EXERCISE INPUT section start

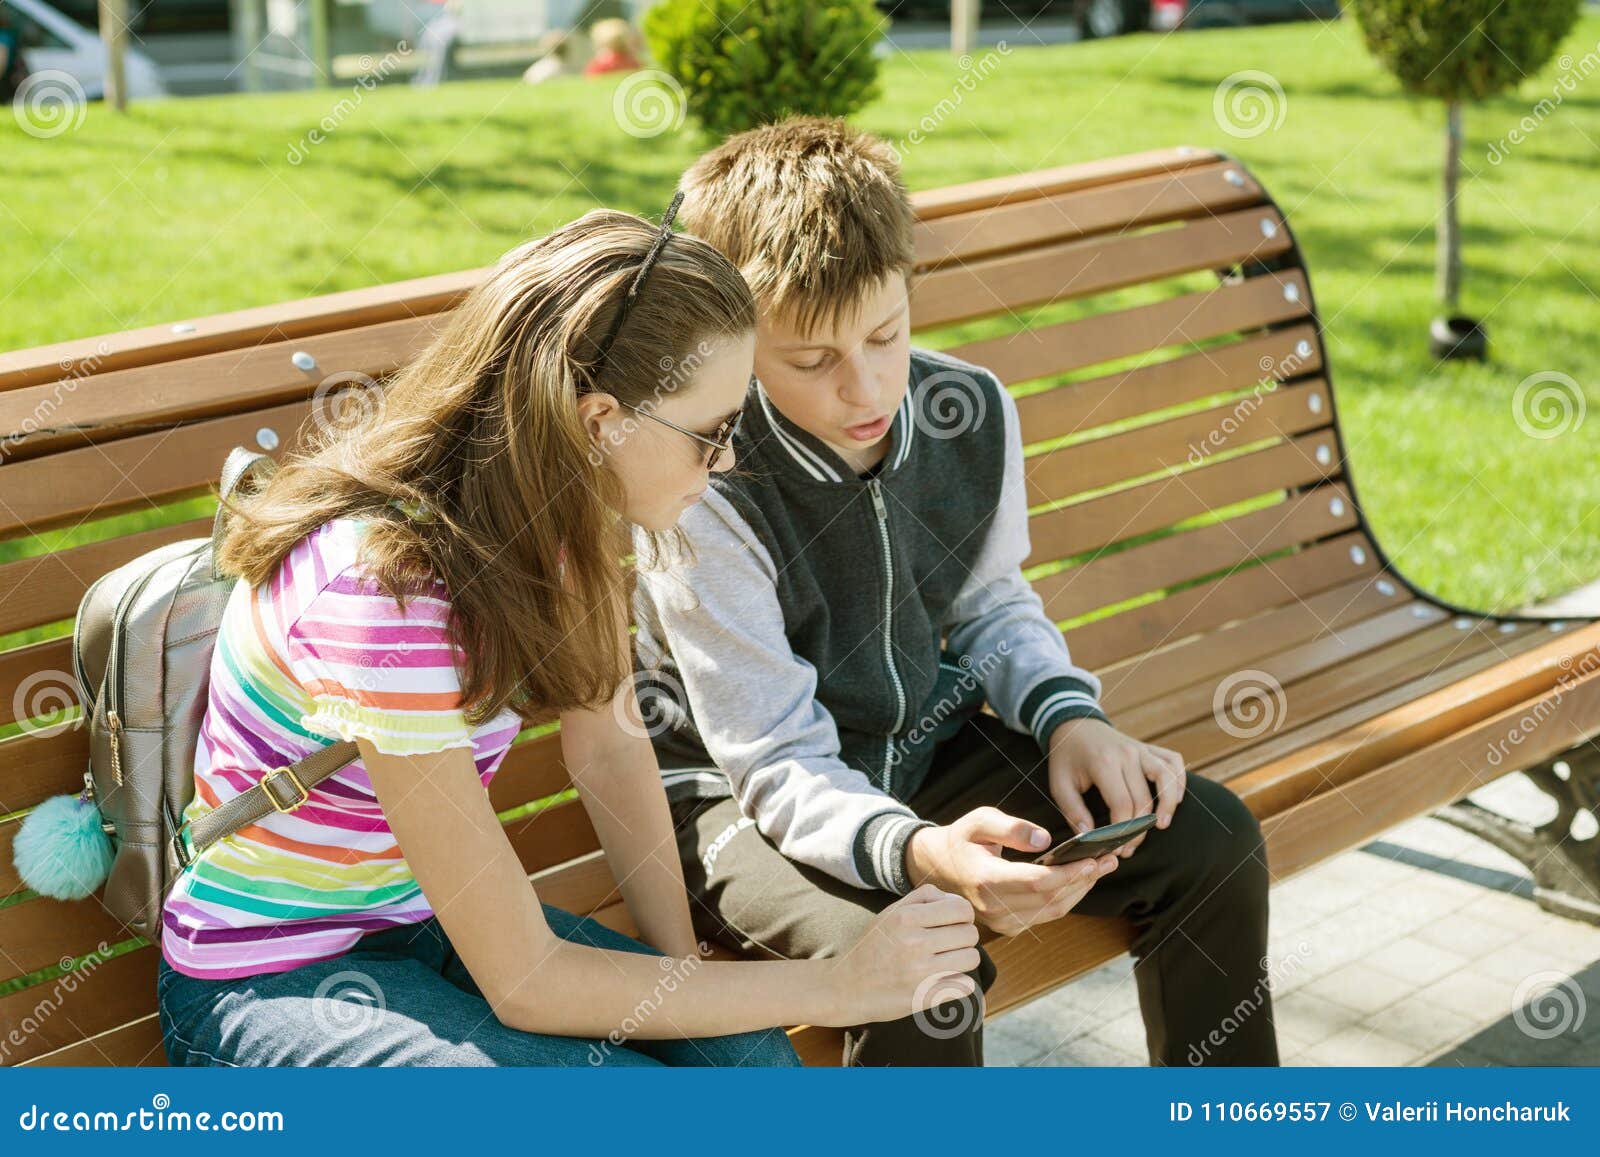 Сами играет читать. Мальчик играет а девочка читает. Девочки подростки играются у дома. Подростки парень и девушка играются между собой на улице. Девочка читает книгу на скамейке в парке.
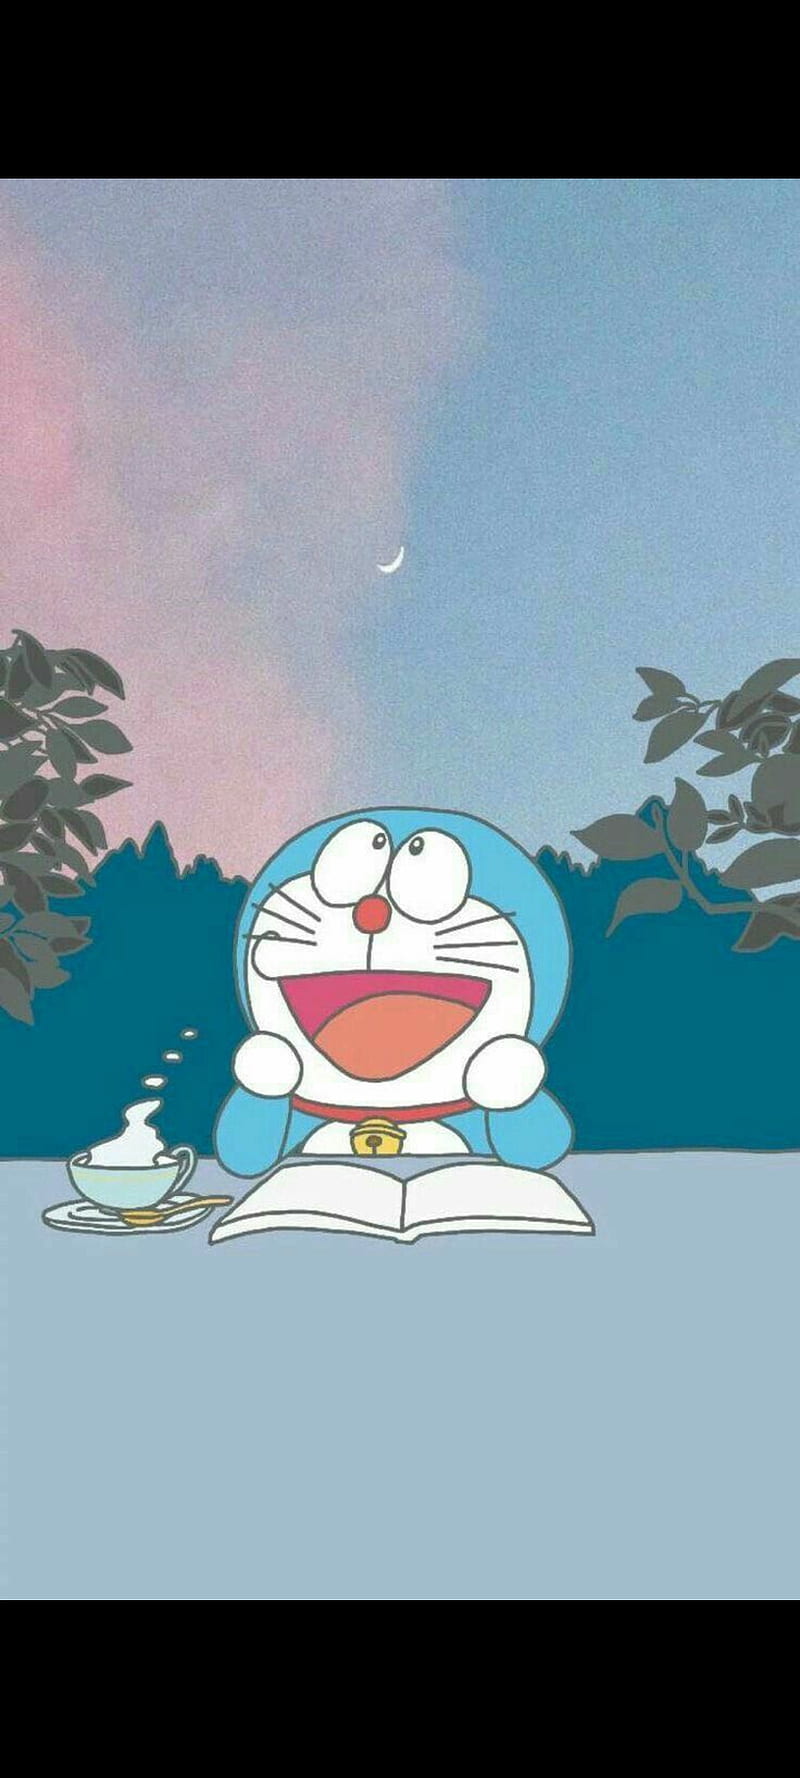 Nobita là nhân vật chính của bộ truyện Doraemon. Hãy khám phá cuộc phiêu lưu của cậu bé này cùng với Doraemon và những người bạn thân thiết của anh ta. Những tình huống hài hước và cảm động sẽ khiến bạn phải rơi lệ.
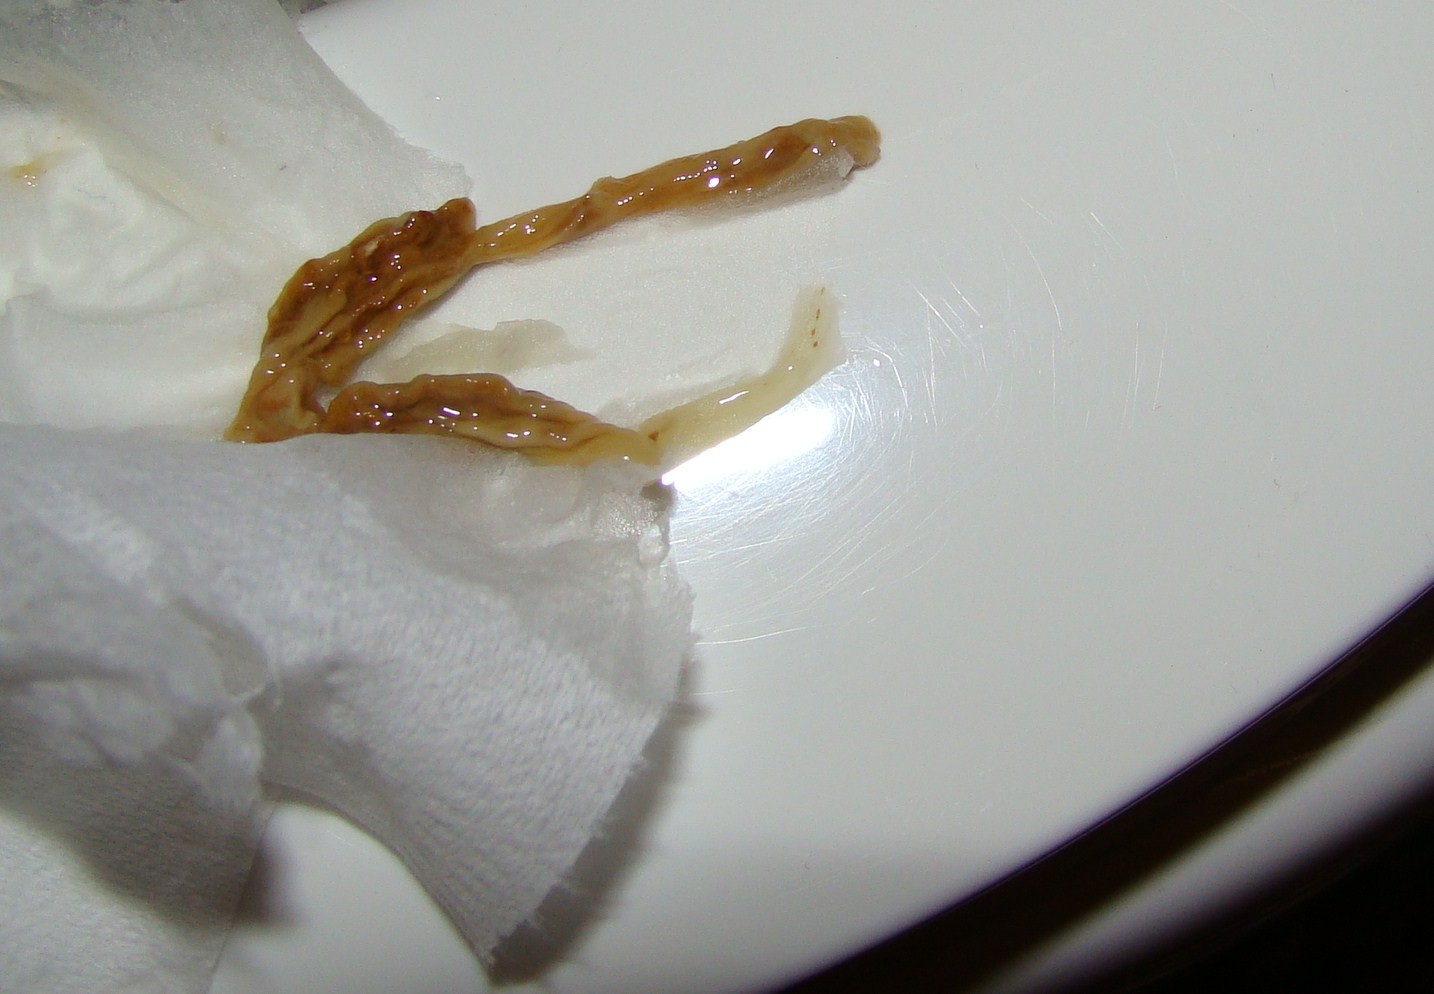 Worms Poop Human
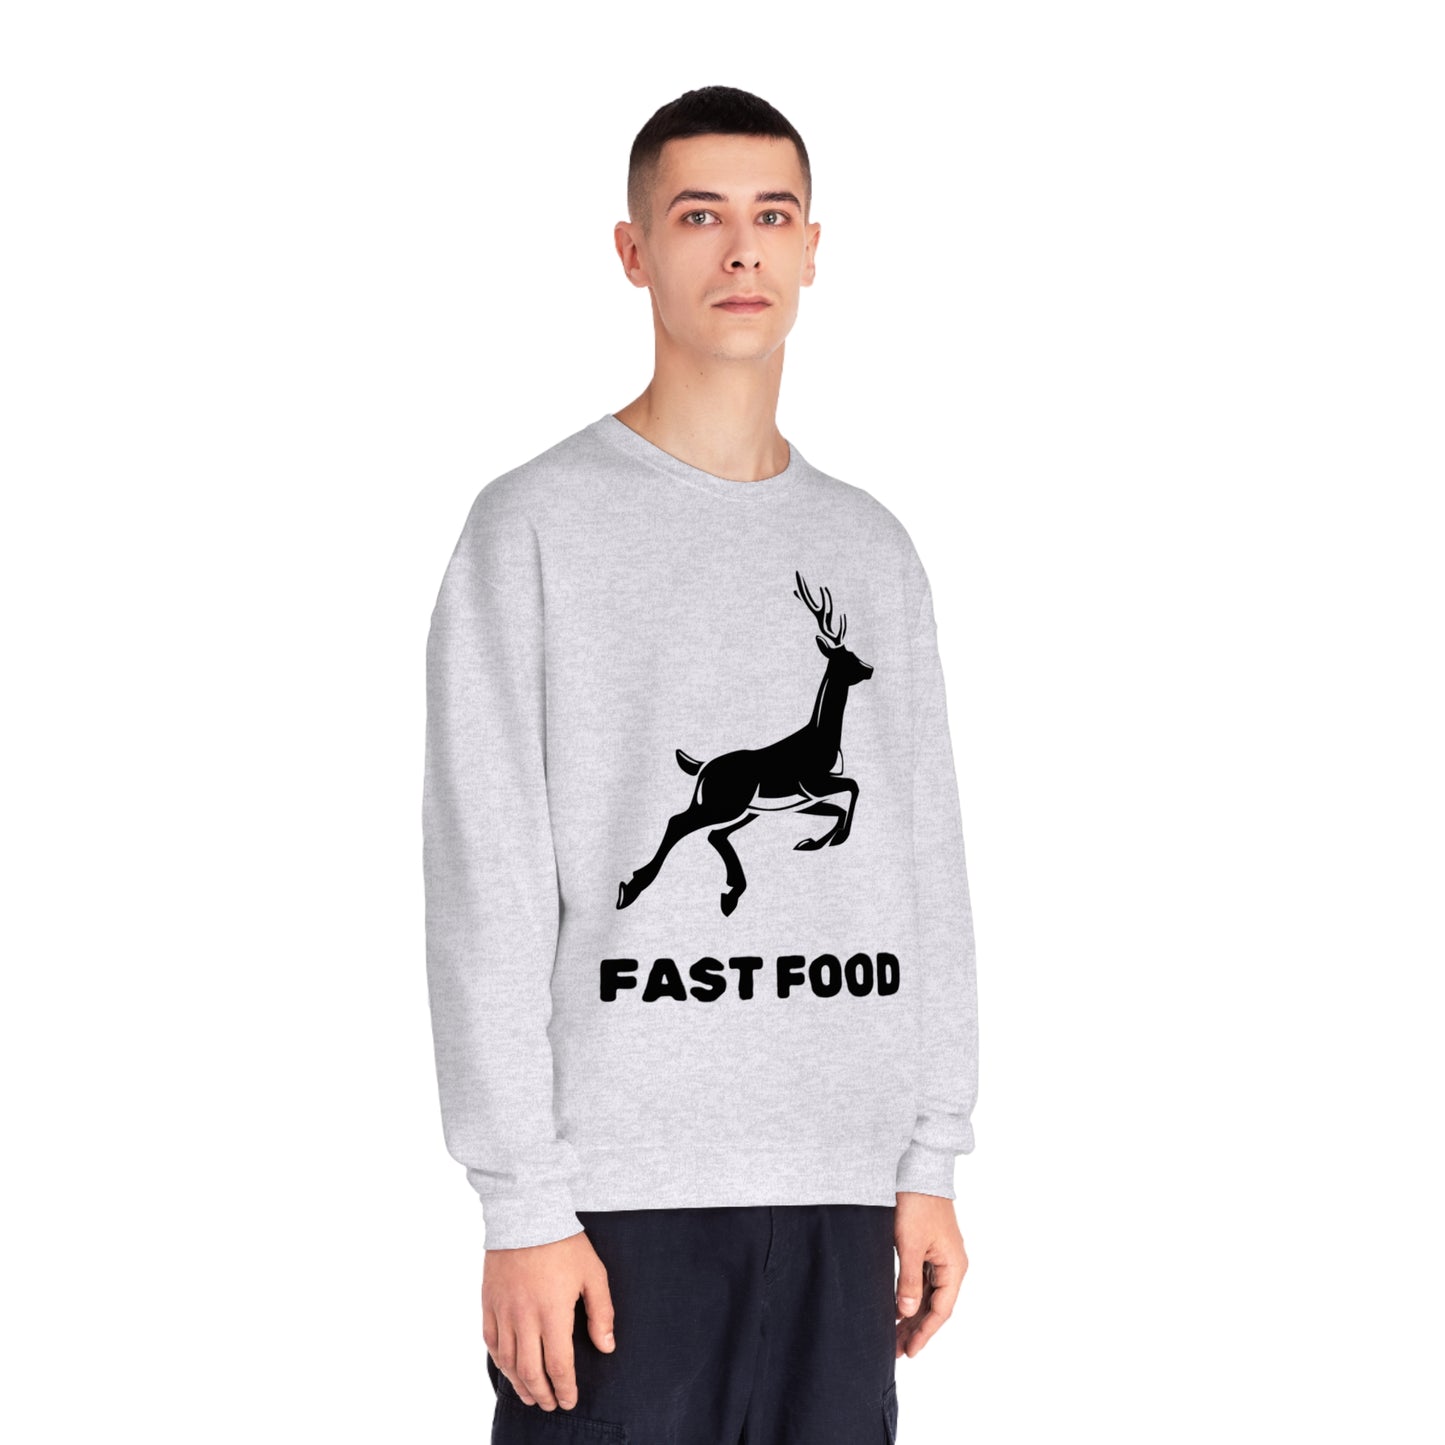 Fast Food - Unisex NuBlend® Crewneck Hunting Sweatshirt
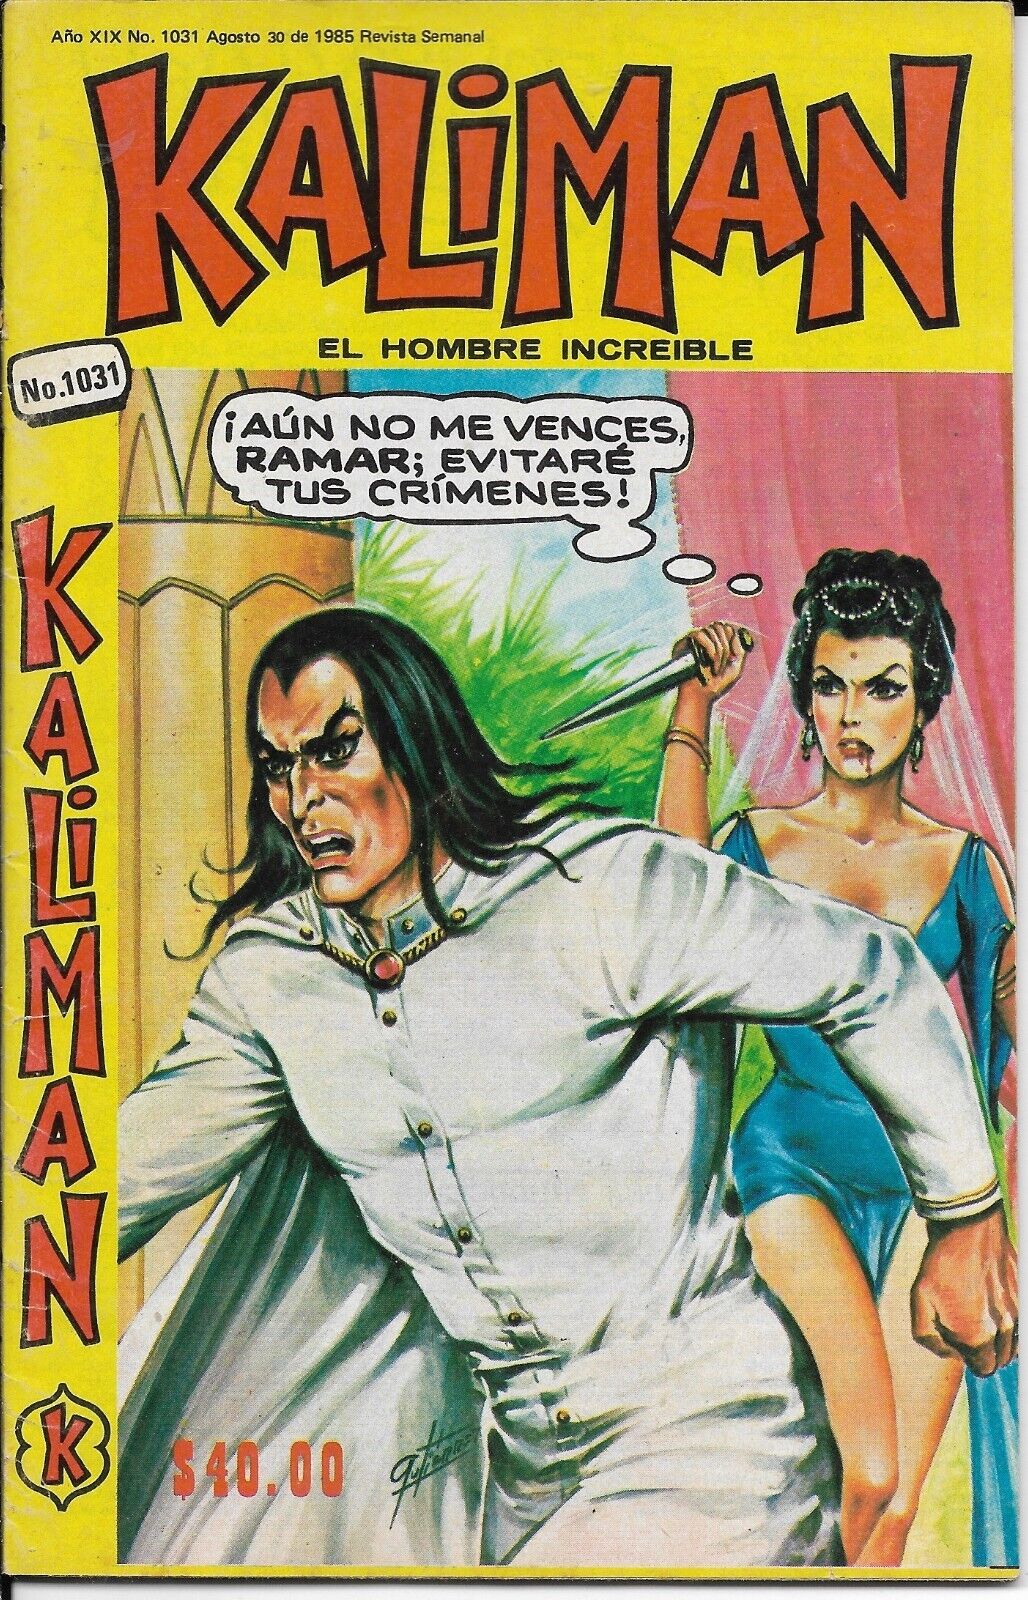 Kaliman El Hombre Increible #1031 - Agosto 30, 1985 - Mexico

EXERCISE INPUT section end

*WHAT IS EXPECTED*. Render the records above word for word and leave the pictures out.

*OUTPUT OF THE EXERCISE*.
 Сами играет читать. Мальчик играет а девочка читает. Девочки подростки играются у дома. Подростки парень и девушка играются между собой на улице. Девочка читает книгу на скамейке в парке.
 Nobita là nhân vật chính của bộ truyện Doraemon. Hãy khám phá cuộc phiêu lưu của cậu bé này cùng với Doraemon và những người bạn thân thiết của anh ta. Những tình huống hài hước và cảm động sẽ khiến bạn phải rơi lệ.
 Worms Poop Human
 Fast Food - Unisex NuBlend® Crewneck Hunting Sweatshirt
 Kaliman El Hombre Increible #1031 - Agosto 30, 1985 - Mexico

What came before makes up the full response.